Меня призвали в армию.
Семь тысяч километров — от Магнитки до Владивостока — пересек в теплушке. Двадцать восемь суток выстукивали подо мной колеса вагона одну и ту же песню. Затем потекла служба — сначала на берегу, затем на острове — в океане. А закончив службу, подался в бухту Находка, где закладывался порт и строился город. Некоторое время работал грузчиком и все думал: уехать или остаться?
Уехал.
Впереди лежали новые дороги, ждали новые испытания. Началась финская война, и я попросился на фронт.
Та война была недолгой…
А вскоре Великая Отечественная… Воевал на семи фронтах, исходил почти всю Европу. И всюду — с начала до конца — командиром взвода. Контузии, ранения — все по первой норме…
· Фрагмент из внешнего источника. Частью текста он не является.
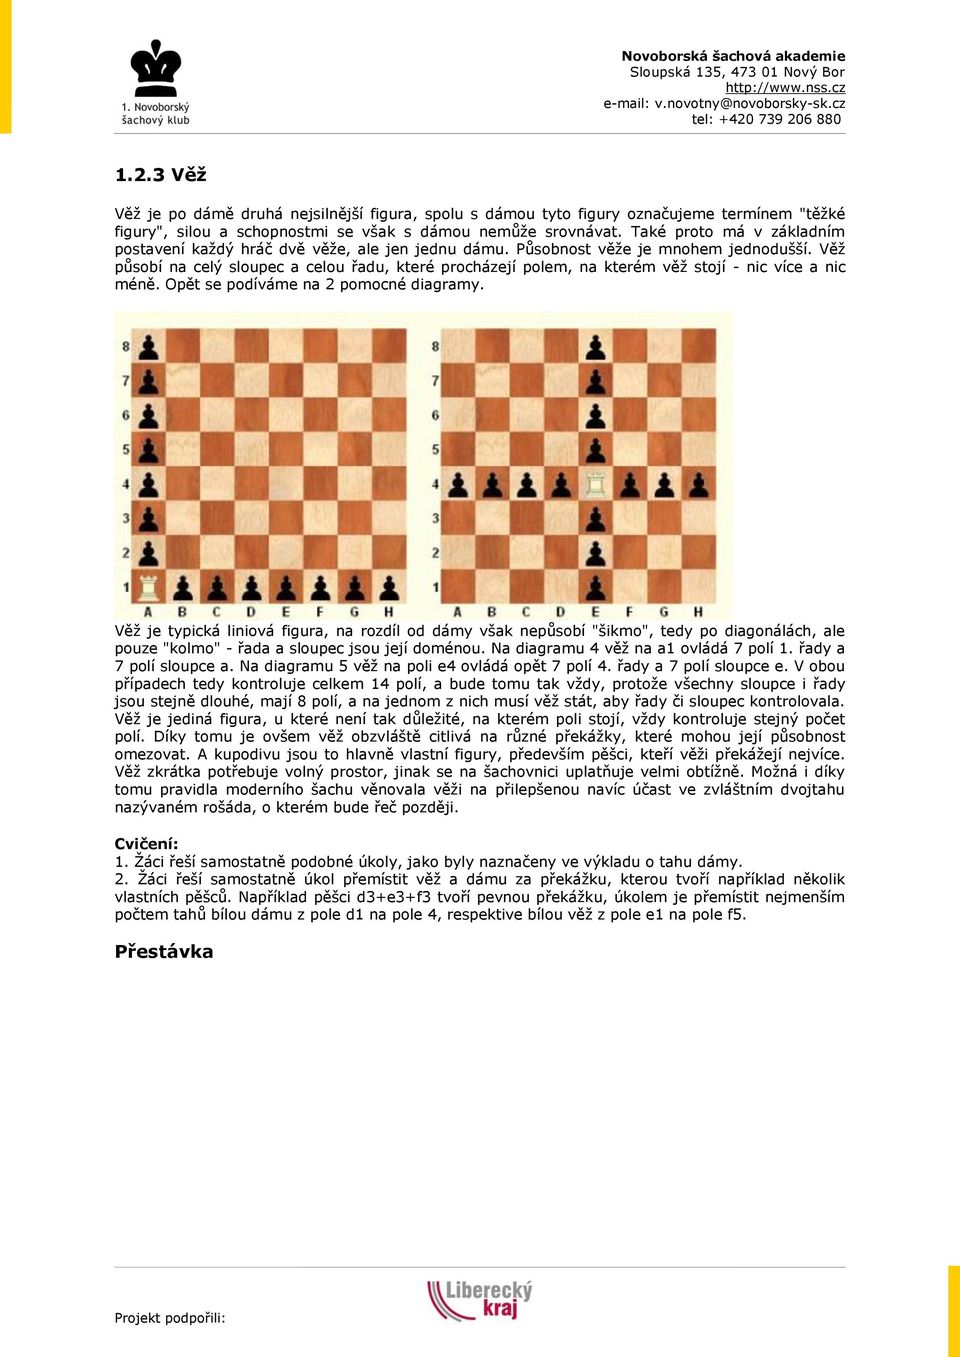 Lekce 2 - Dáma a věž, mat a pat. 2.1 Kontrola domácího úkolu, krátké  opakování šachové notace. 2.2 Dáma - PDF Stažení zdarma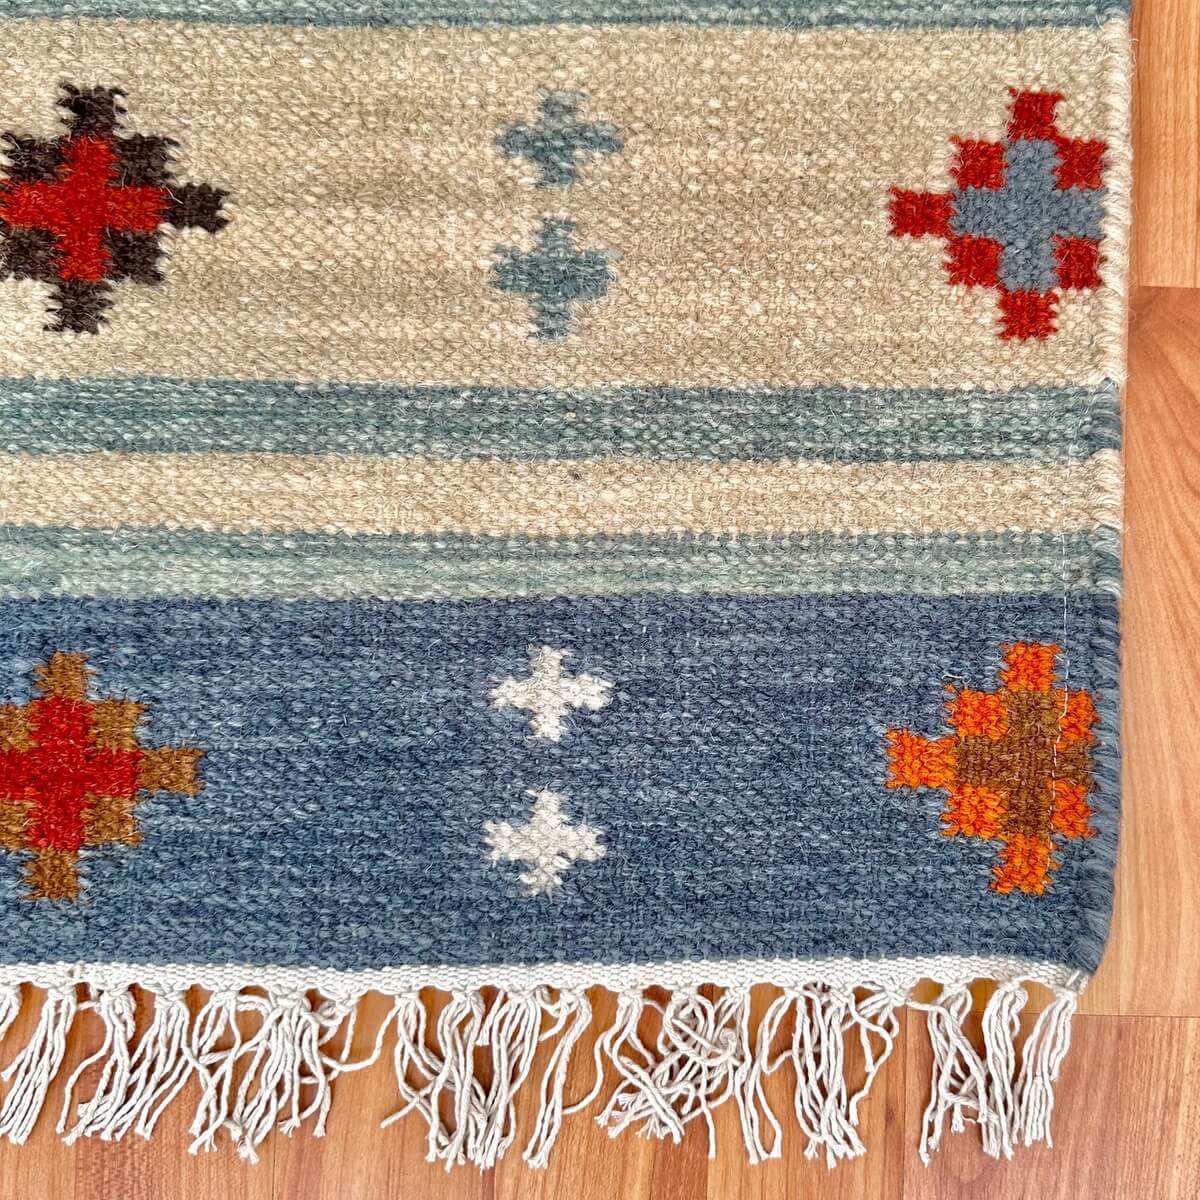 covor kilim Bimala, tesut traditional din lana, model in carouri in nuante bej si albastru, colt

И вот кончилась война, и я снова в своей Большетроице.
Разве мог я не зайти к деду? Погостив пару деньков у отца с матерью, потянулся к нему. У Желтого глинища вспомнил детство, Кузьму, первый «поход на музыку»…
Еще издали увидел дедову хату. Соломенная крыша почти истлела, местами видна облатка. Стены перекосились. А в садочке ни яблони, ни груши — все под корень свели гитлеровцы.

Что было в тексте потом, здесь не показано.